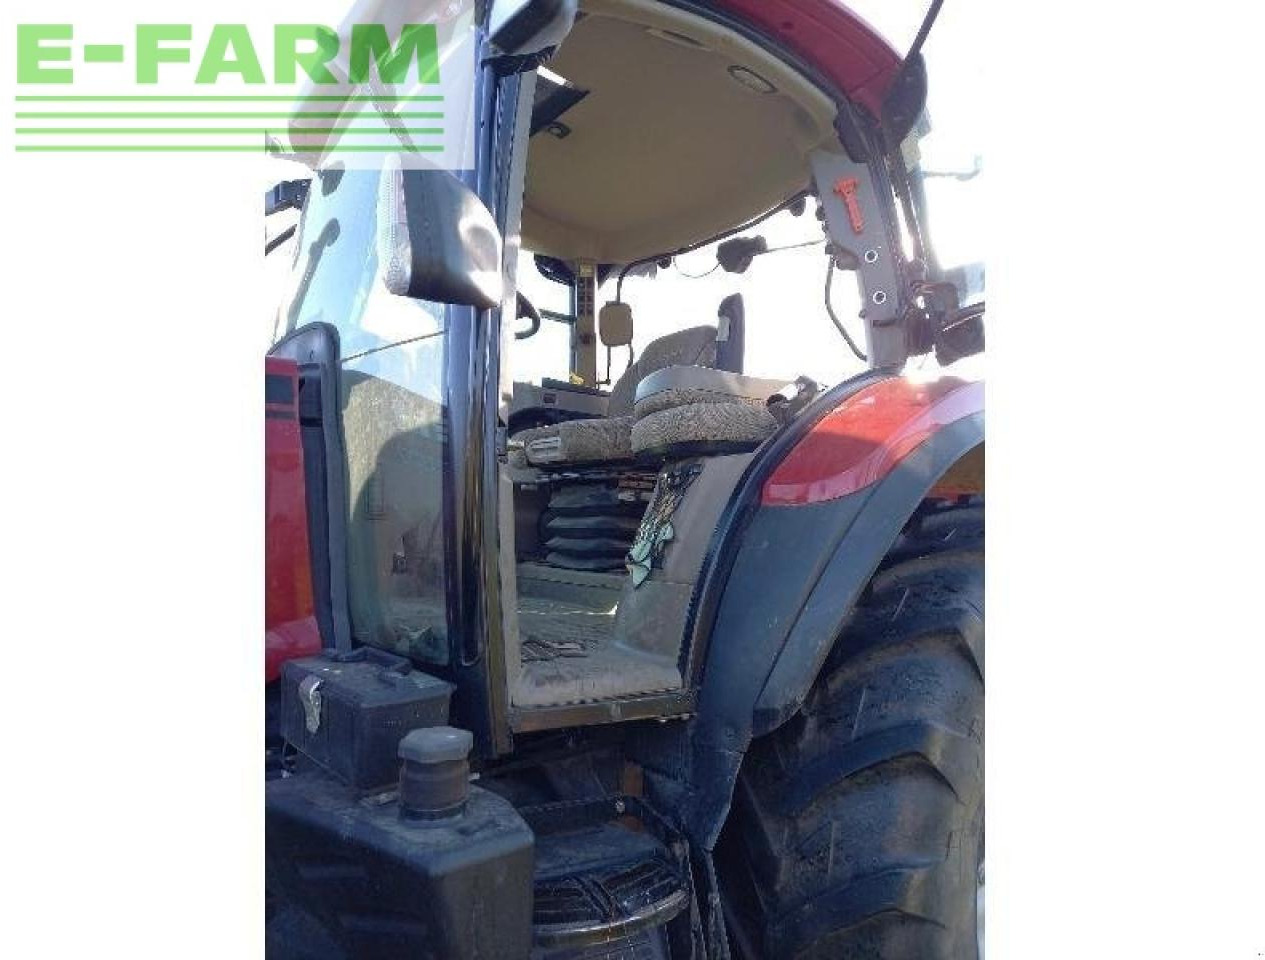 Farm tractor Case-IH marque case ih: picture 10
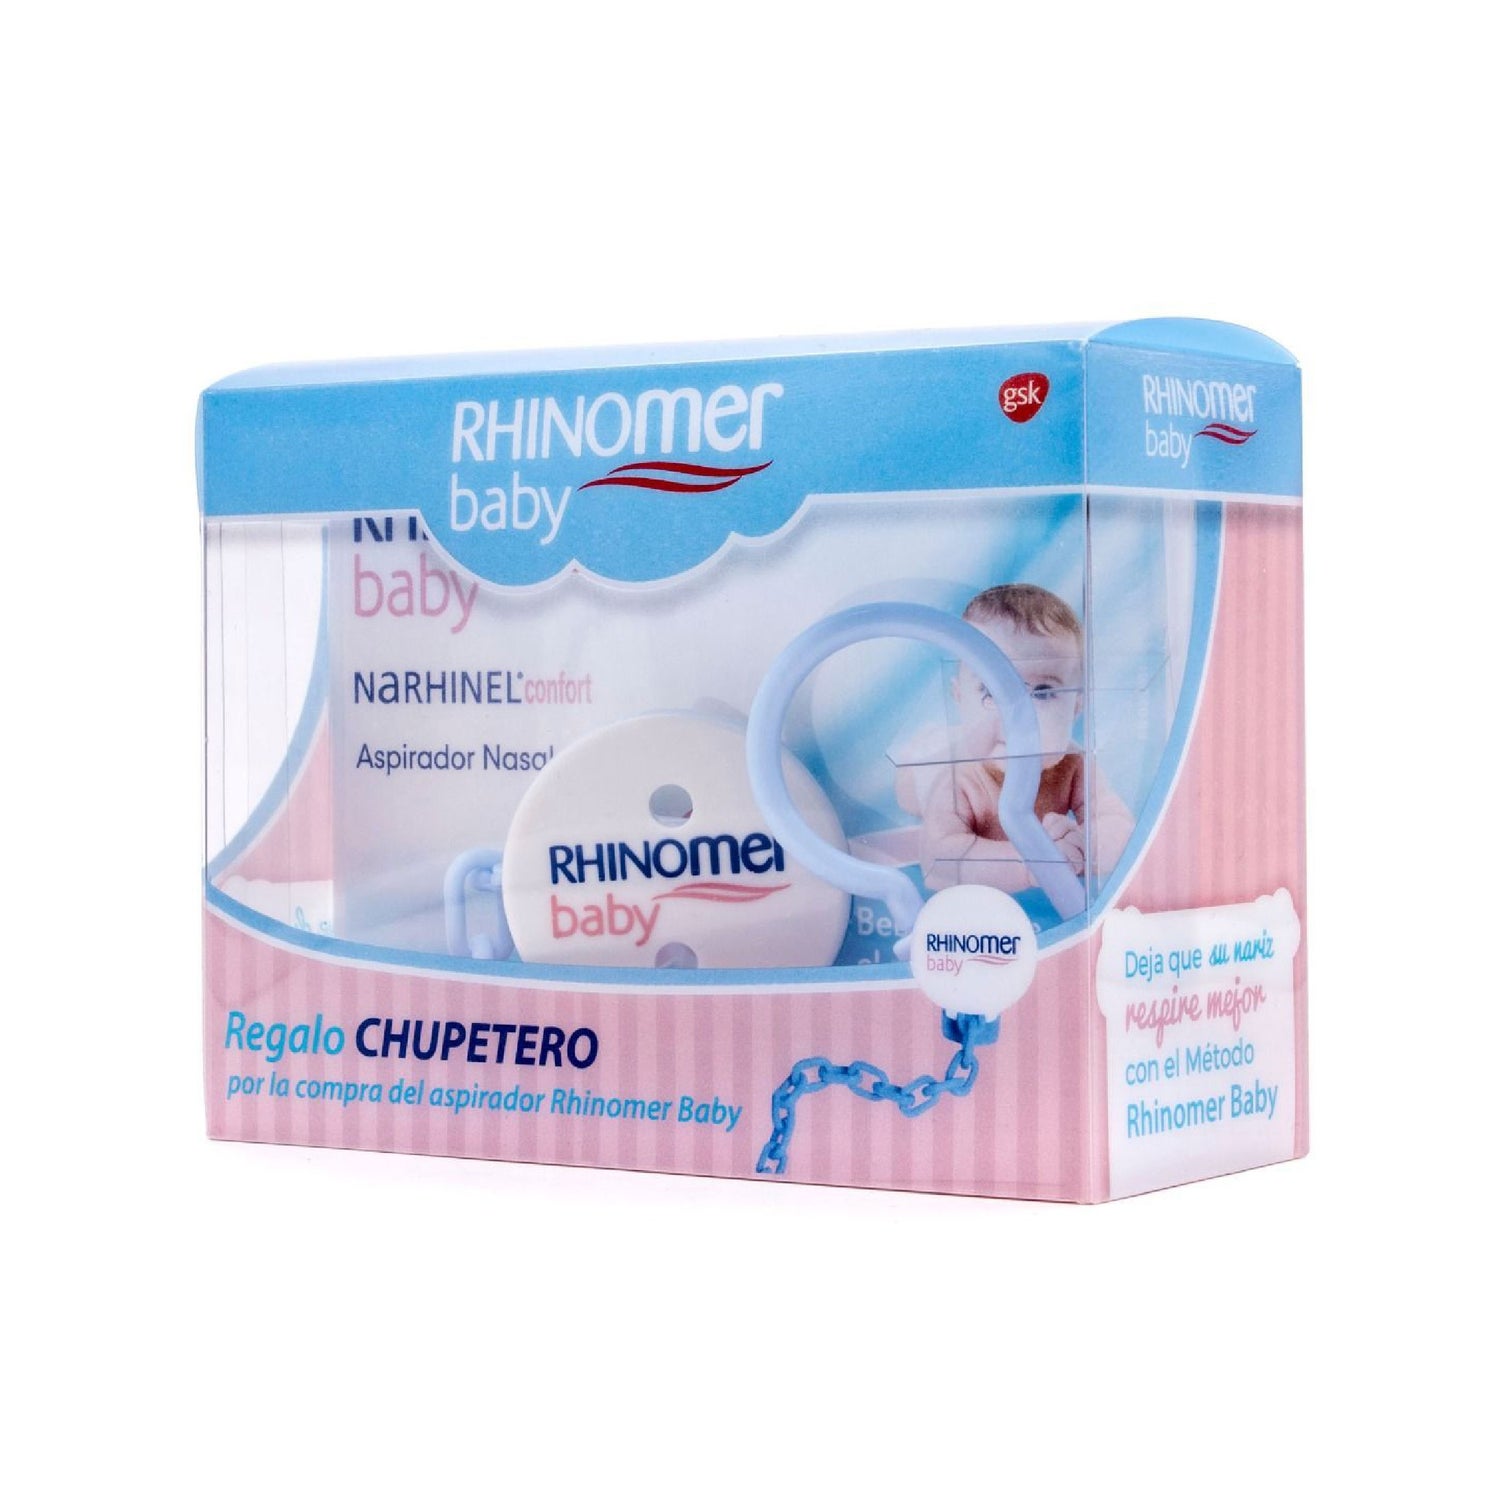 Rhinomer Baby Narhinel Comfort Vacuum Cleaner Nasal+Gift Pacifier
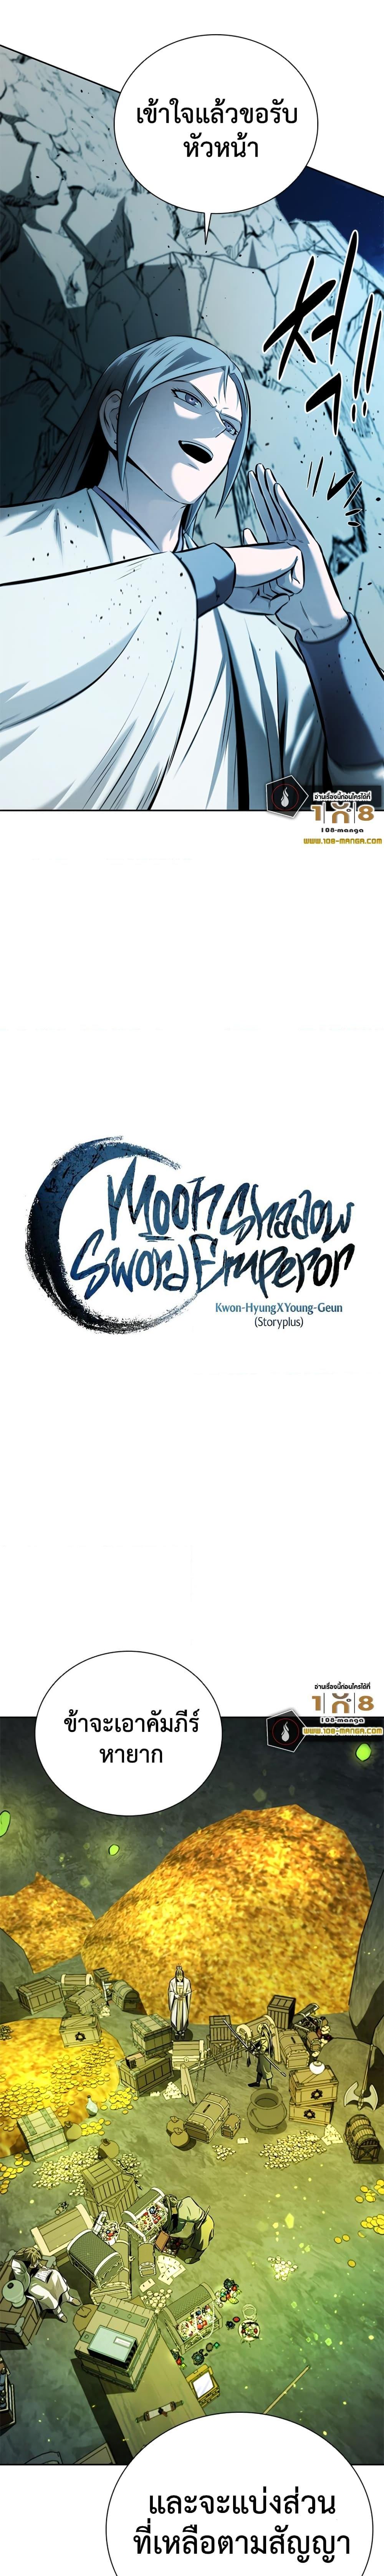 Moon Shadow Sword Emperor 48 10
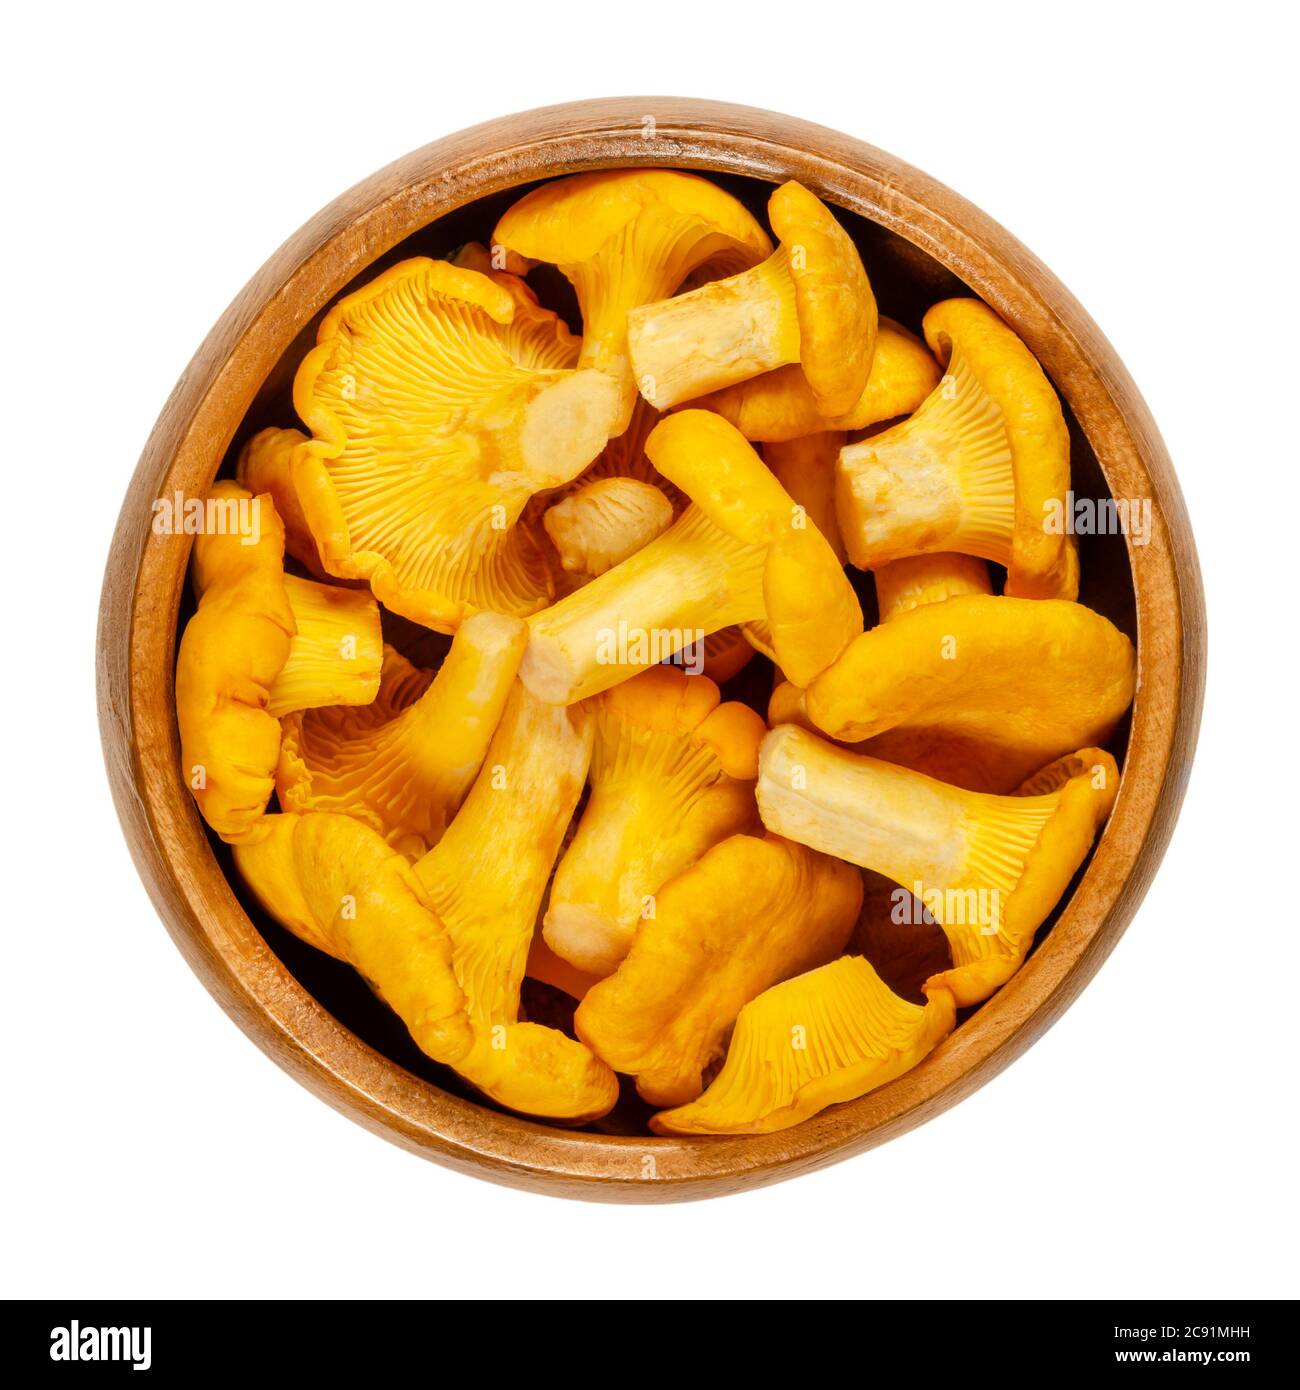 Chanterelle fresche in una ciotola di legno. Cantharellus, funghi commestibili di colore giallo intenso. Uno dei funghi più riconosciuti e raccolti. Foto Stock

#### [About this exercise]
Write out the material above exactly. Skip the pictures.

#### [Output below]
 Farm tractor Case-IH marque case ih: picture 10
 Rhinomer Baby Narhinel Comfort Vacuum Cleaner Nasal+Gift Pacifier
 Moon Shadow Sword Emperor 48 10
 Chanterelle fresche in una ciotola di legno. Cantharellus, funghi commestibili di colore giallo intenso. Uno dei funghi più riconosciuti e raccolti. Foto Stock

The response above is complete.